In today’s environment, customer service is just one element of customer experience (CX). Contact center leaders need to adopt a broader view, not just of their role in the business but for the technologies needed to play that role. Conventional approaches that treat contact center solutions as islands apart from the rest of the organization will continue providing effective forms of customer service, but they will fall short in the broader need to address CX.
What’s really needed here is a holistic view where the contact center is now a means to an end rather than being the end itself. Most contact centers remain telephony-centric, whereas today’s CX is very much an omnichannel experience. These realities place new demands on technology needs and contact center leaders must consider how their operations will integrate with other functions across the organization.
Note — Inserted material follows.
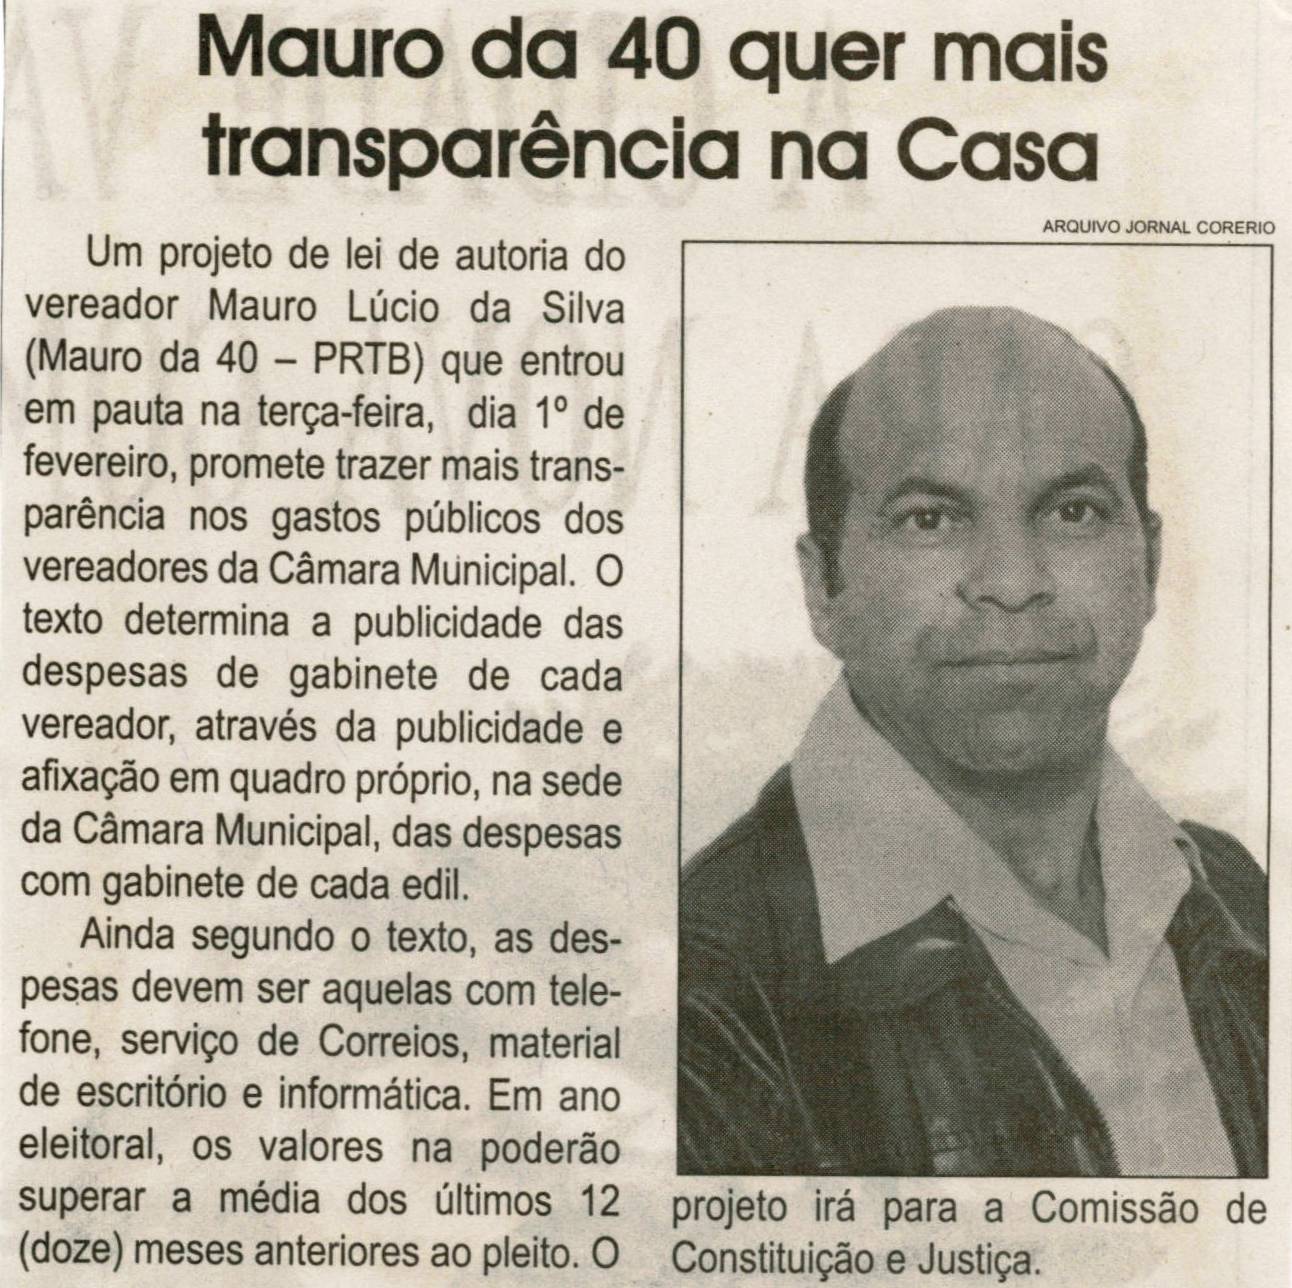 Mauro da 40 quer mais transparência na Casa. Jornal Correio da Cidade, Conselheiro Lafaiete, 05 fev. 2011, p. 04.

Great CX requires a 360-degree view of the customer and that’s simply not possible with technology that solely serves the contact center.
Agents Need Broader Capabilities
As the contact center begins to view its needs in the full context of the overall organization, leaders should also look at the needs of agents in a broader lens. Adding omnichannel capability is a big and necessary step forward from the legacy model. Efficient call management remains important, but agents need more than more channels at their disposal. As NTT’s 2021 Global CX Benchmarking Report notes, customers utilize a broad mix of channels, and that mix of channels varies by age. For example, customers who are 25 years old and under are more likely to use social media channels with it being the most popular among 35.7%. However, those in the 40-59 demographic are much more likely to use the telephone to contact an organization.
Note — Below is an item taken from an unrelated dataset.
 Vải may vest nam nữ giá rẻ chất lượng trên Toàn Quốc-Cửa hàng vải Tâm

What agents really need is full visibility across all the touch points that constitute the customer journey with the ability to engage both intelligently and personally in real time. These capabilities are the essence of CX and have little to do with how quickly an agent picks up a call. The challenge is to provide that visibility seamlessly, so the agent has the right information at the right time and over the right channel. All this orchestration must be transparent to the agent and the end customer.
In terms of how agents can provide great CX, this translates into having a unified desktop where all these capabilities come together in one interface. This represents a major shift from the analog world where agents engage using a desk phone or a headset, and clumsily multitask taking notes, sending emails and writing sticky notes. CX is now a digital experience where the channels, workflows and processes are digital. In this world, all activities and interactions are digital, so everything is captured, connected and shared.
The breakthrough here is the ability to draw resources from the entire organization – both front office and back office – where all the information relevant to each customer interaction flows to the agent through the desktop. This goes well beyond providing richer communications tools to agent and needs to be part of the strategy to better support your agents. Not only does this become the main enabler for great CX, but also for a great AX (agent experience).